For data center evolution Server virtualization is a popular solution, bringing many technical and economic benefits to the data center infrastructure. Data centers that leverage virtualization technologies can maximize network asset use, deliver computing resources on demand, and seamlessly move data to any location on the fly.

Change To The Cloud Computing Environment:

In this way, optimizing the data center through server virtualization has enabled a smooth transition to cloud-based service offerings. For most enterprises the cloud is a set of services, data, resources, and networks located “elsewhere.” This contrasts with the historical centralized data center model – where enterprises purchased, configured, deployed, and maintained their own servers, storage, networks, and infrastructures. As the resources of the cloud are owned and maintained by a “cloud service provider”, the enterprises “borrow” it.
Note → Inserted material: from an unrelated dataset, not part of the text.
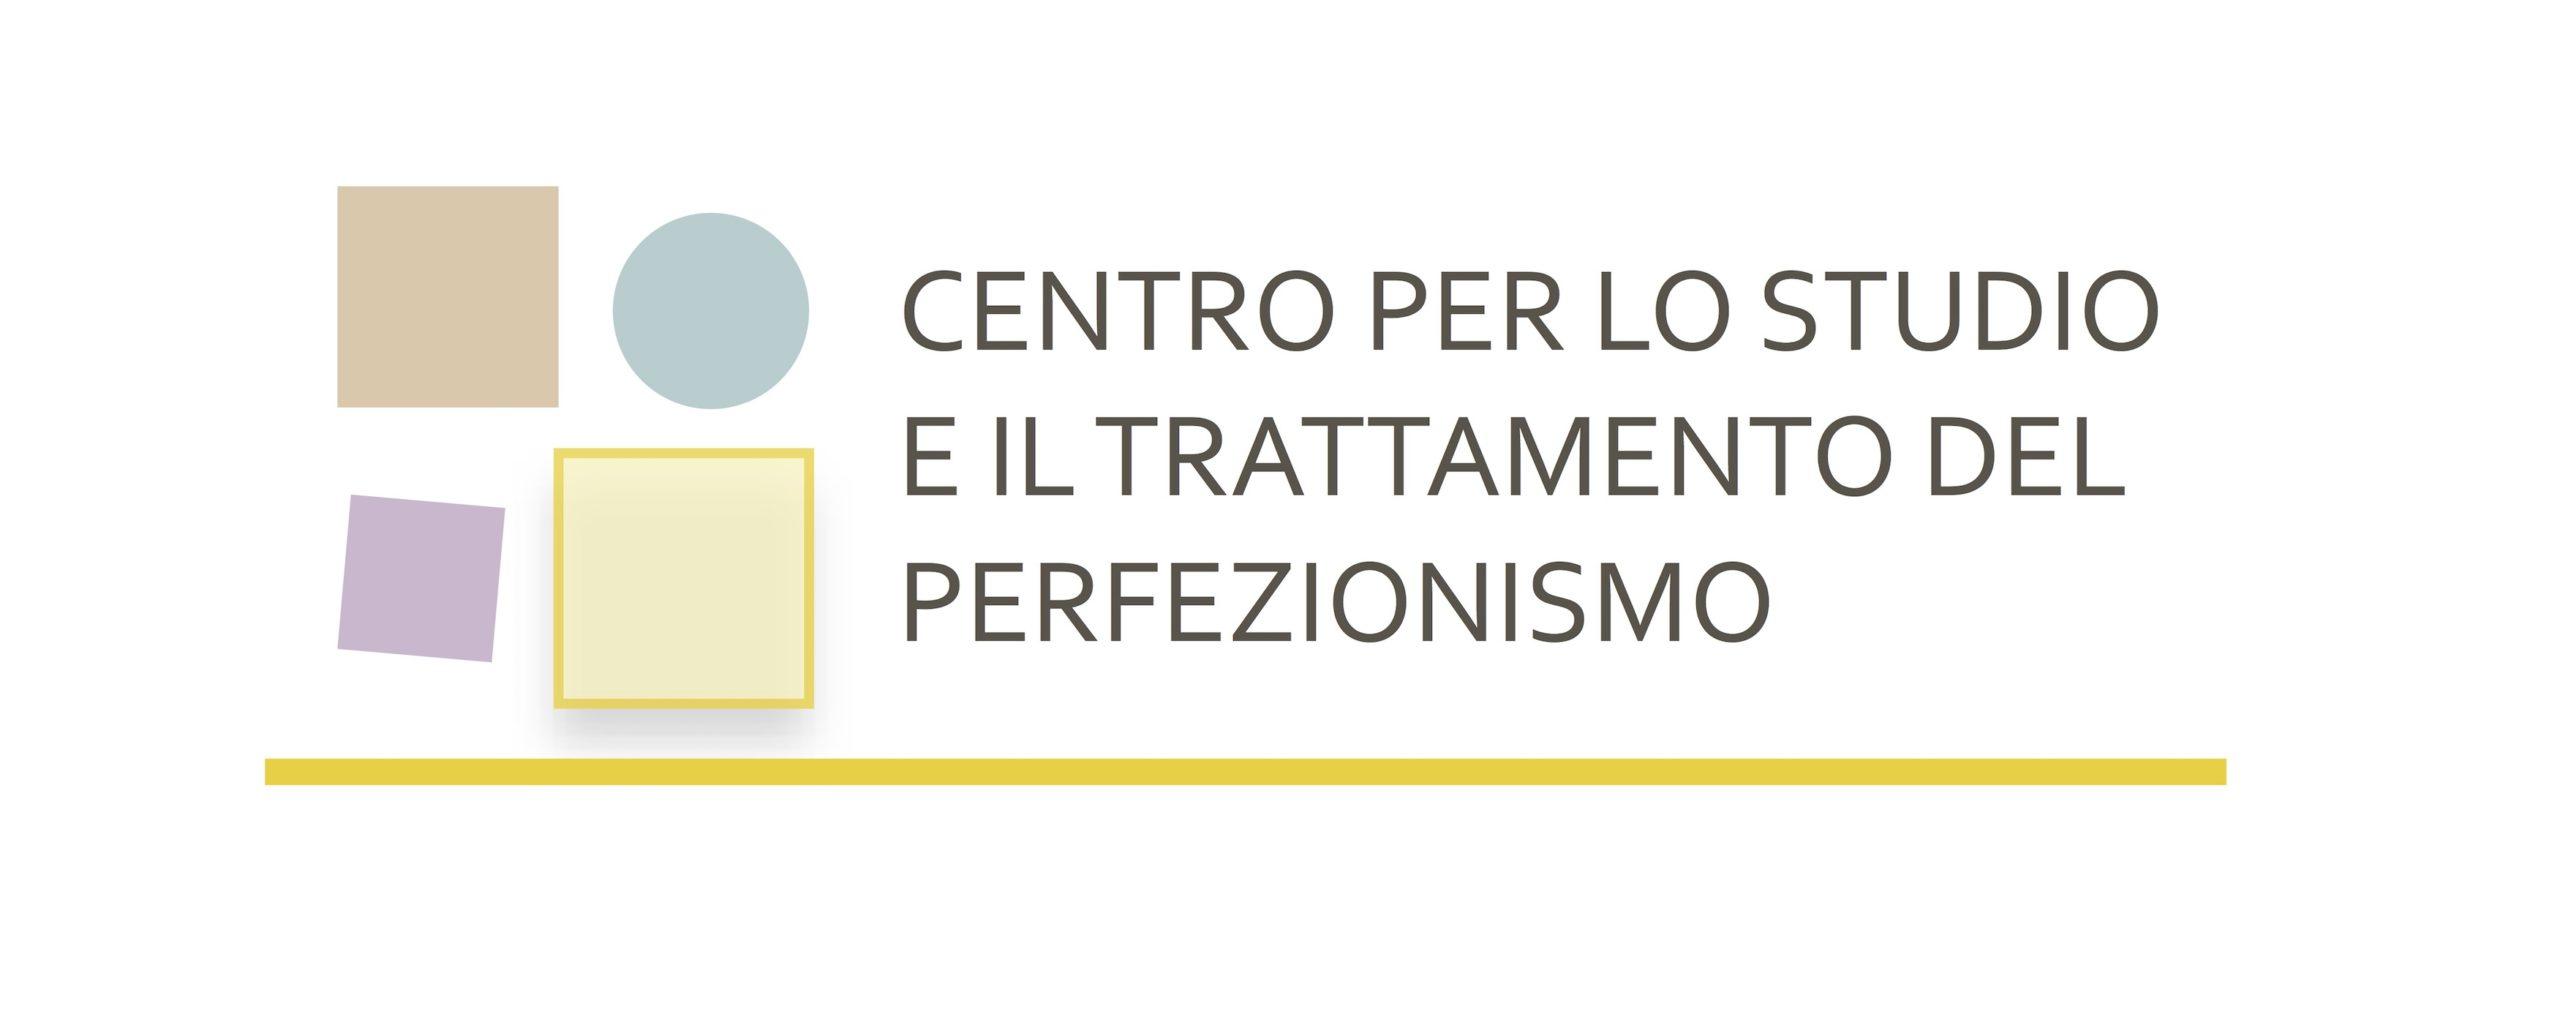 perfezionismo, centro per lo studio e il trattamento del perfezionismo, superare il perfezionismo, curare il perfezionismo, trattamento del perfezionismo

The use of a cloud-based infrastructure means there is no local infrastructure to purchase, manage, secure, or upgrade.

“Rather than attempting to estimate peak and growth data center usage, enterprises can adopt a pay-as-you-go structure, paying for only what they use.”

Cloud elasticity, scalability, and performance are perhaps the most compelling reasons to adopt a cloud strategy. Computing, storage, and network resources are easily and quickly deployed using cloud providers – allowing an enterprise’s internal applications and/or external web site elastic adaptation to demand. This elasticity also provides the means of scaling to any size desired, and to match performance requirements and ensure customer SLAs are maintained and end user experience unaffected during peak use.

Growth Of Wireless Networks And Future Scenario Of 4G/Lte

New complex challenges are developing for IT as increased mobility is touching virtually every aspect of virtually every enterprise. In enterprises of all types, the “bring your own device(BYOD)” trend is introducing new challenges as customers and employees alike may show up with tablets, smart phones and other devices that aren’t necessarily certified or supported by IT.  CIOs need to be able to evaluate and quickly evolve policies to ensure mobile devices don’t overtax wireless networks or interfere with critical mobile applications.

On the positive side, the technology and wireless access networks themselves are evolving to address in-building coverage and capacity challenges. The solution to it all is being able to validate various aspects of performance before trusting business-critical applications to wireless networks.

“Enterprises need to know how well new mobile devices will interact with one another and the corporate network, and be able to assess their range, roaming capabilities, and the ultimate quality of experience (QoE) delivered to the user.”

The growth of 4G/LTE can be summarized in one word as “fast”. Perhaps the most important trend occurring in LTE –aside from rapid growth itself—is the emergence of true voice-over-LTE or “VoLTE” services that will accommodate not only voice but video and other rich media services. VoLTE will introduce significant economic and competitive advantages to mobile network operators that should in turn benefit the enterprise with higher performance, innovative new service offerings, and potential cost-savings.

Network Security

The key for enterprises to change the game lies in Network security. Enterprises must make it a priority to validate their security solutions on an on-going basis to understand their systems vulnerabilities. Cyber crime is just getting started. It is not going away…ever. Some cloud service providers offer access control and encryption services that enable the safe storage of sensitive company and customer data. Such services are often more secure than those available with local IT staff and facilities. Organizations that are proactive and aggressive with cyber security have the best chance of not just surviving, but thriving.